Reprint all of the data below exactly as shown and skip every image.
------ RECORDED INFORMATION ------
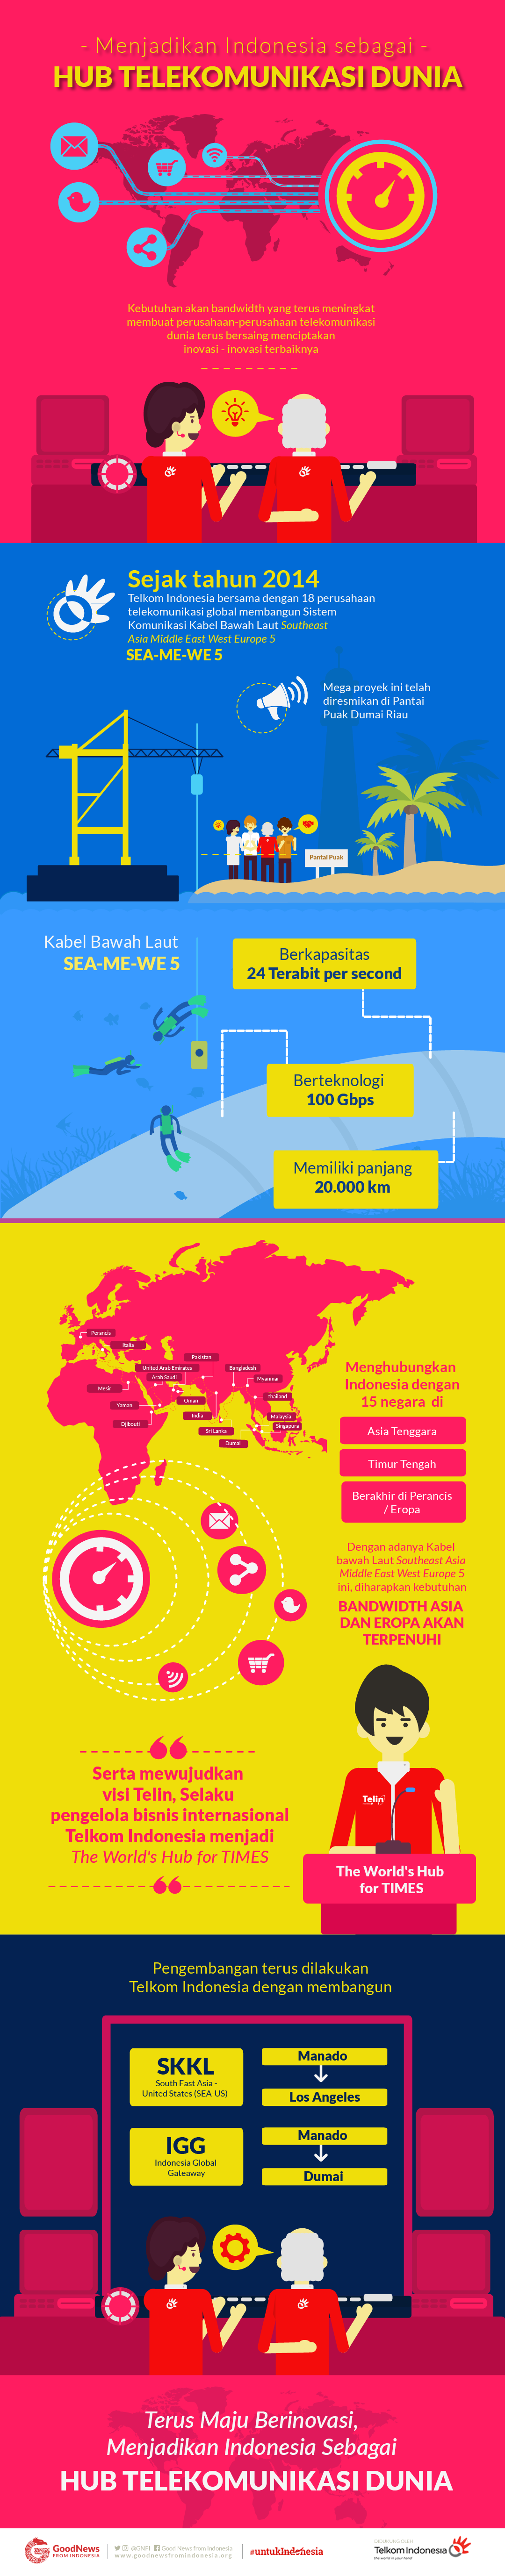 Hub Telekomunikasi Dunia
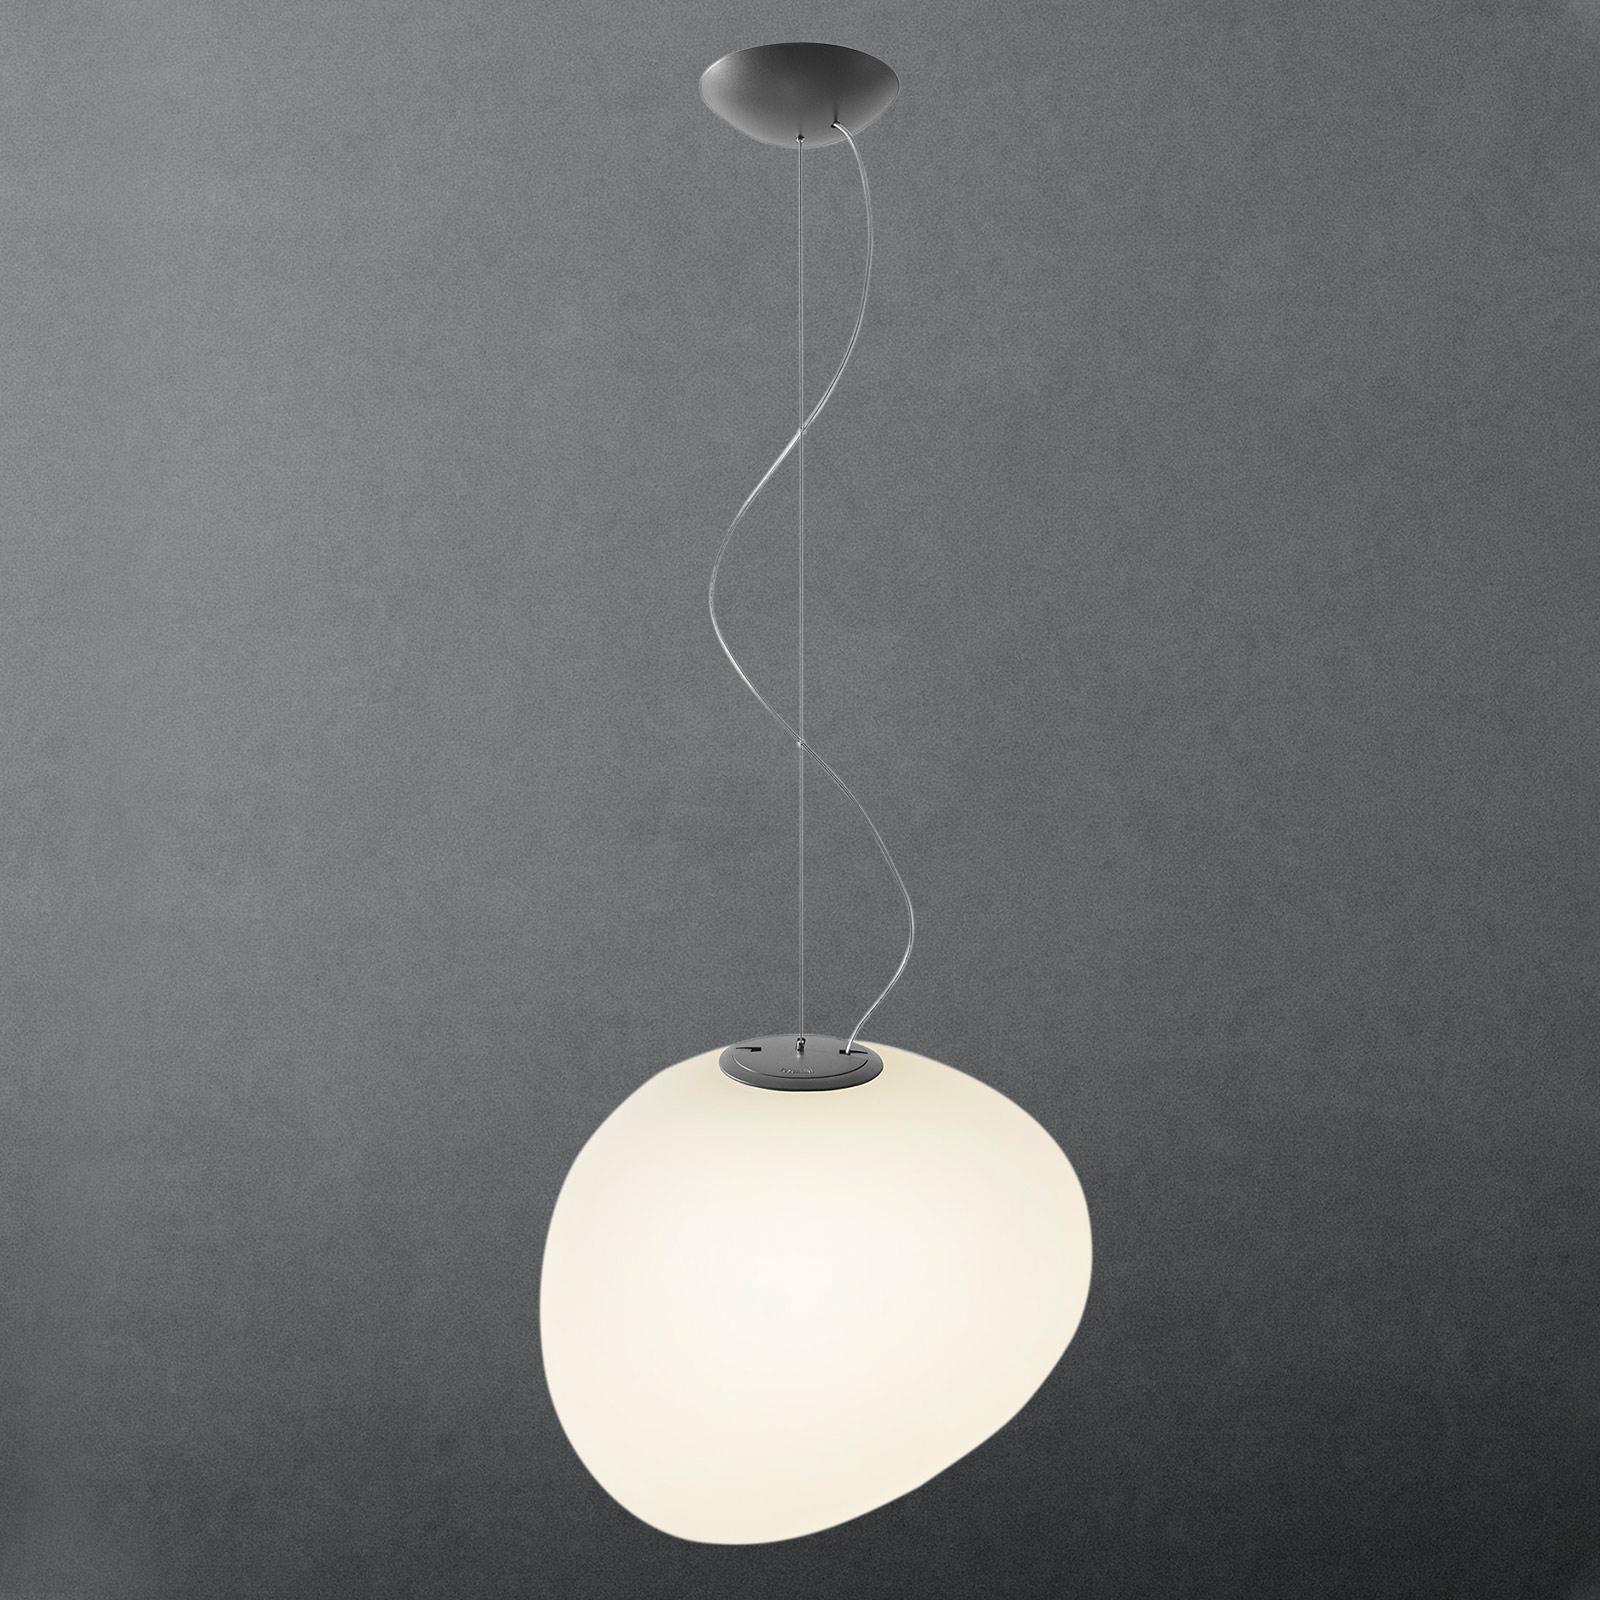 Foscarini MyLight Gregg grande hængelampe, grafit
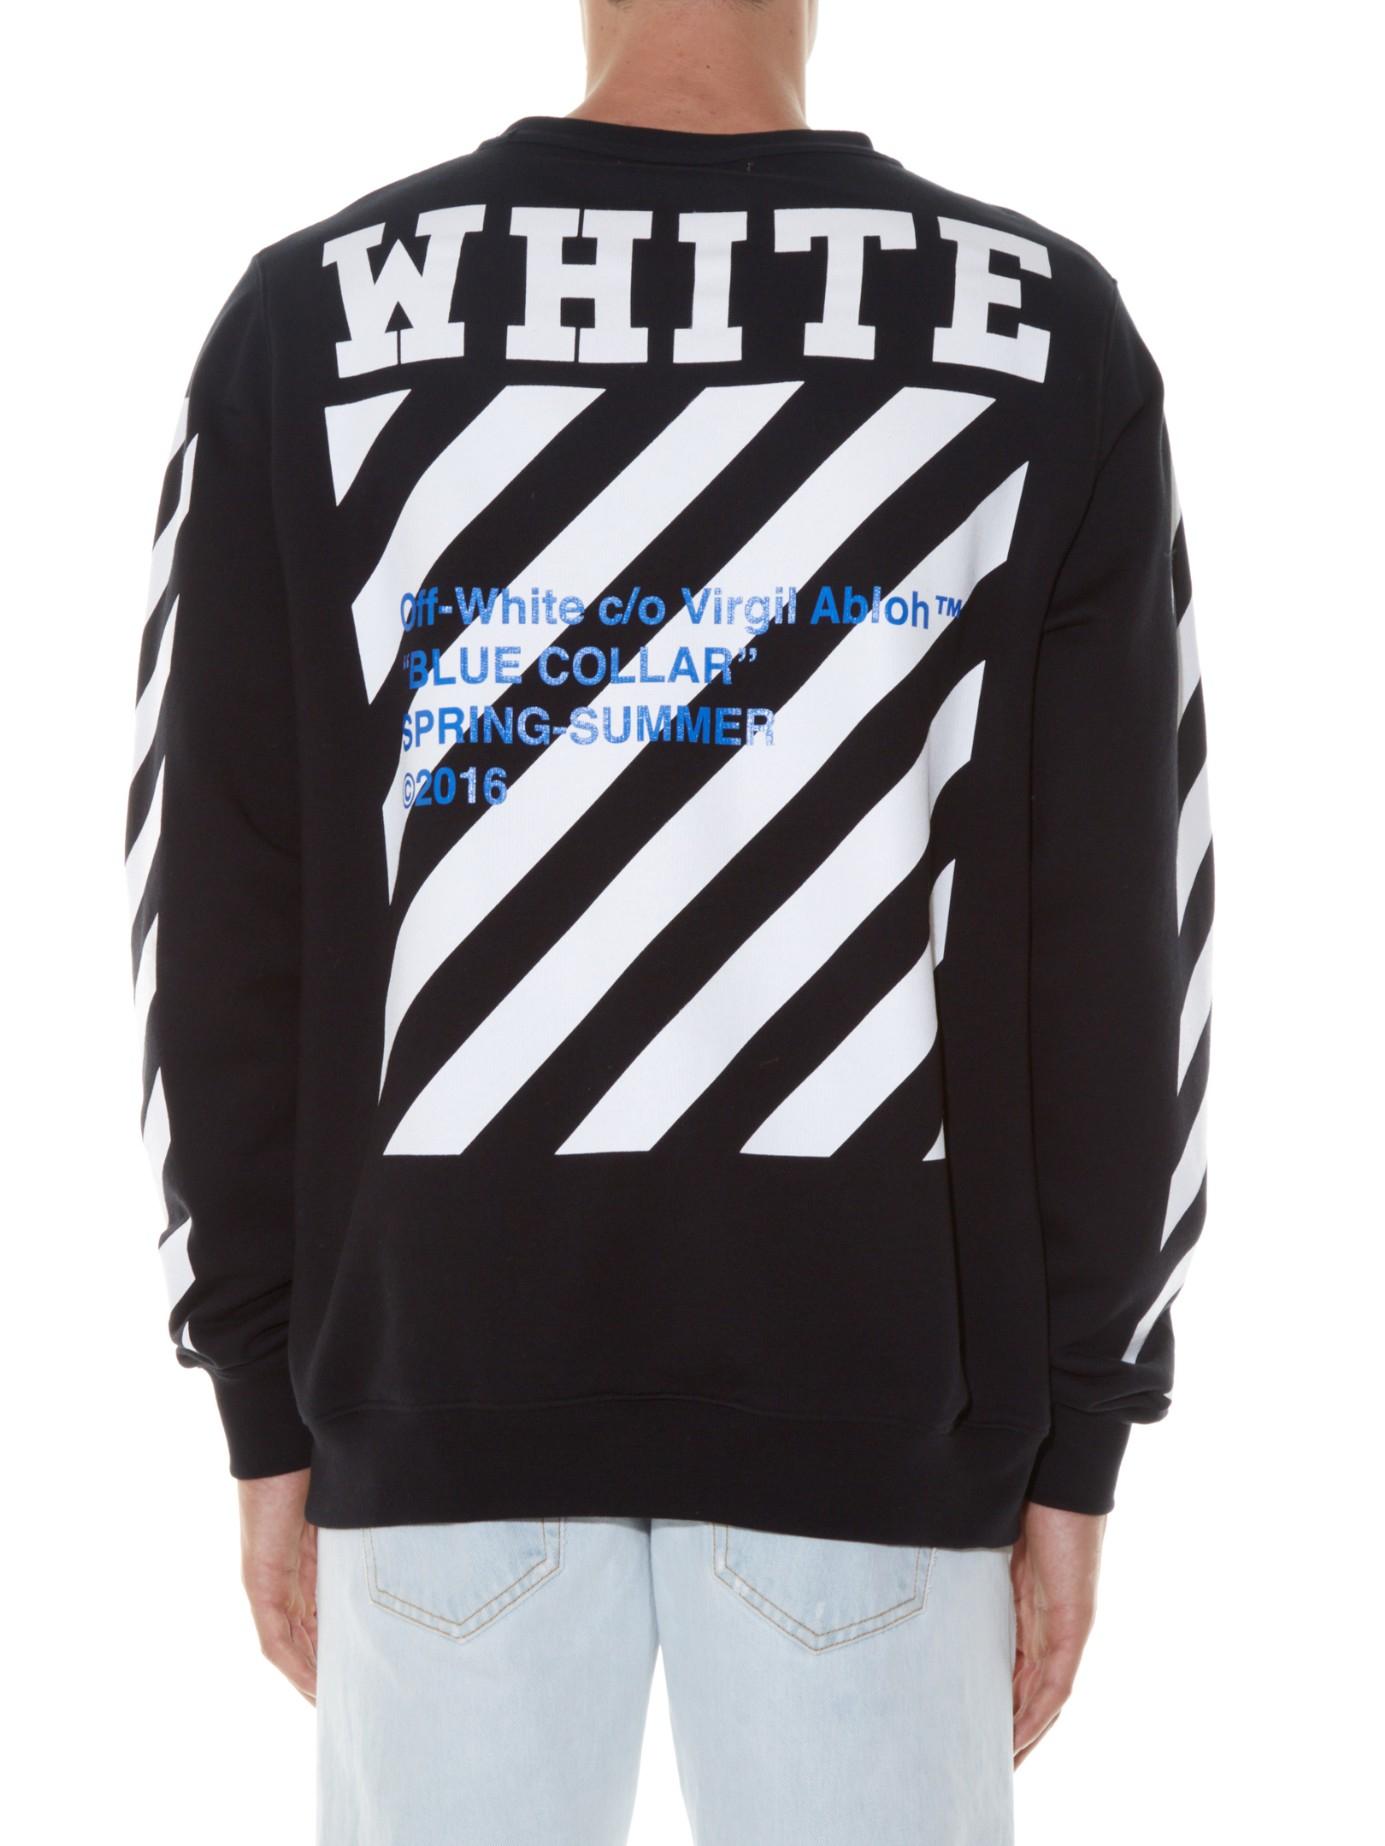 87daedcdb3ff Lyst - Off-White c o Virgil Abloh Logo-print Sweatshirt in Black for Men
------
▶ **ANSWER SECTION**
 Hub Telekomunikasi Dunia
 Foscarini MyLight Gregg grande hængelampe, grafit
 87daedcdb3ff Lyst - Off-White c o Virgil Abloh Logo-print Sweatshirt in Black for Men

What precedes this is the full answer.